One limitation of some prior art cell synthesis tools is that they make several impractical simplifying assumptions about the circuit. For example, they assume an equal number of p-type devices and n-type devices, uniform transistor size, and no transistor folding. Some prior art cell synthesis tools can perform transistor folding, but only perform simple transistor folding in a way that significantly decreases the effectiveness of the folding technique in producing improved layouts. Typically, prior art cell synthesis tools receive a circuit description and then map the circuit to a semiconductor chip. Mapping, also known as placing, is the process of specifying transistor locations on a physical device. After placement, simple folding is then performed without consideration of all possible orientations of transistors. Significantly, prior cell synthesis tools also fail to consider all possible combinations of transistors to produce chains. This results in a sub-optimal circuits with respect to area and performance. For example, because different orientations of transistors are not considered (flipped and unflipped), unnecessary diffusion gaps usually exist as explained previously with respect to FIG. 3.

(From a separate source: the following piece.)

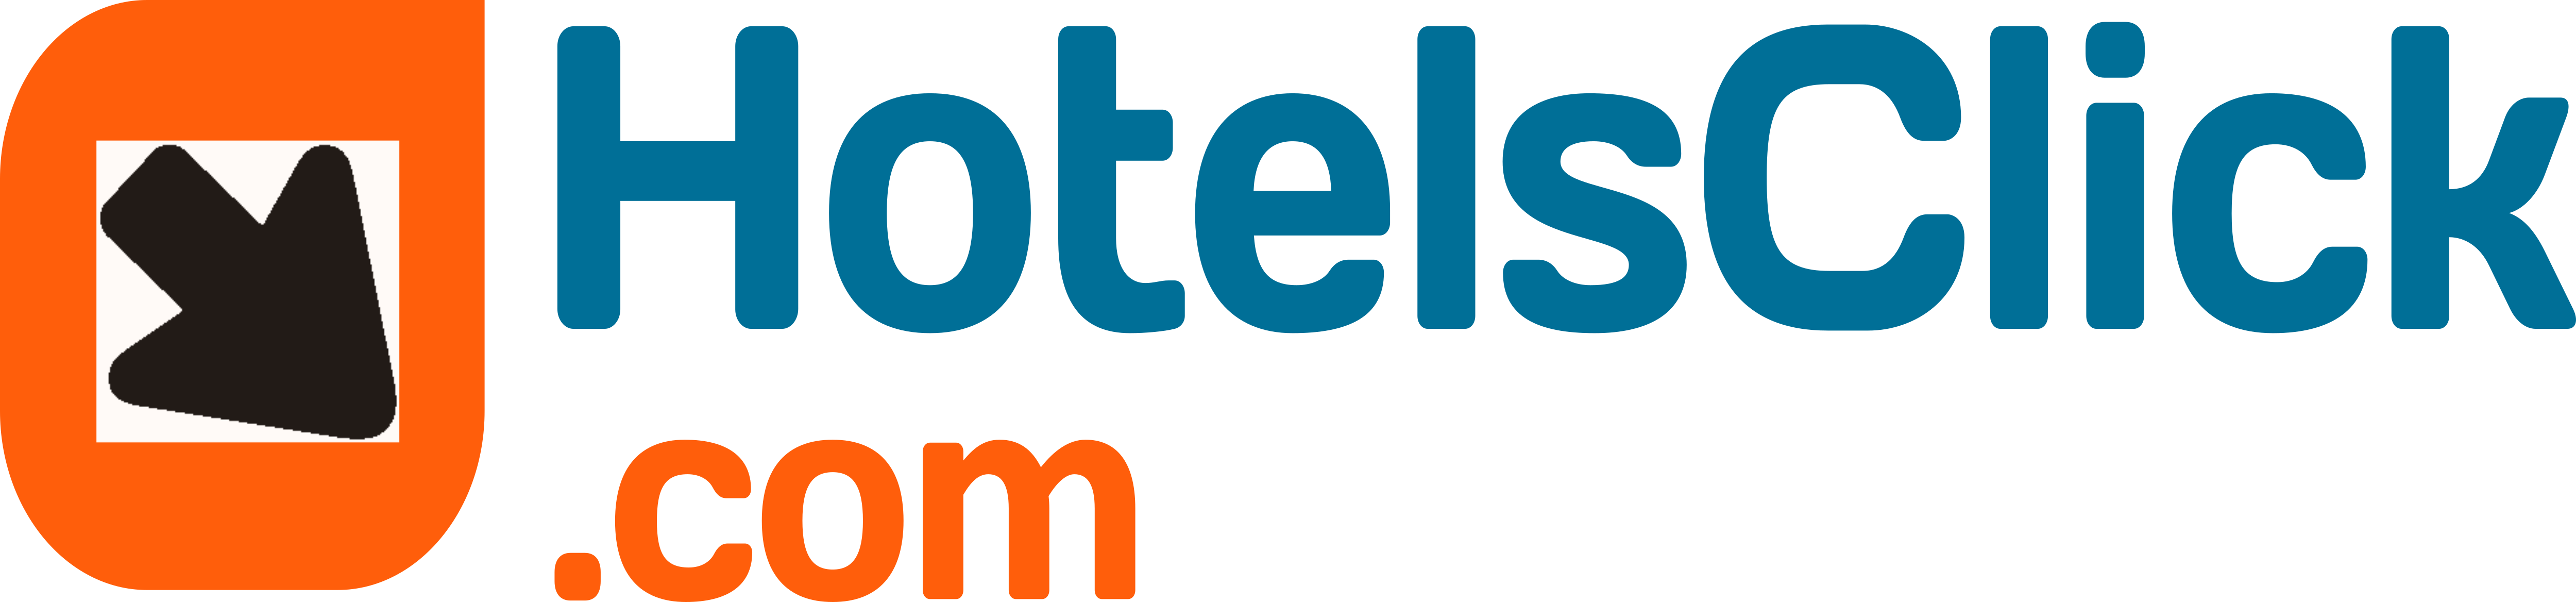 Hotelsclick Coupons

For these reasons, graphical layouts produced using prior art cell synthesis tools usually require extensive manual rearrangement to improve performance and decrease area. This manual rearrangement adds to the overall cost of development and production. In addition, with manual optimization, there is no guarantee that device arrangements have been exhaustively sampled to produce an optimum achievable layout that meets all physical design rules.
As will be shown, the present invention provides an improved method and apparatus that more advantageously uses optimization techniques to produce a cell layout of minimum area that meets design constraints and physical design rules.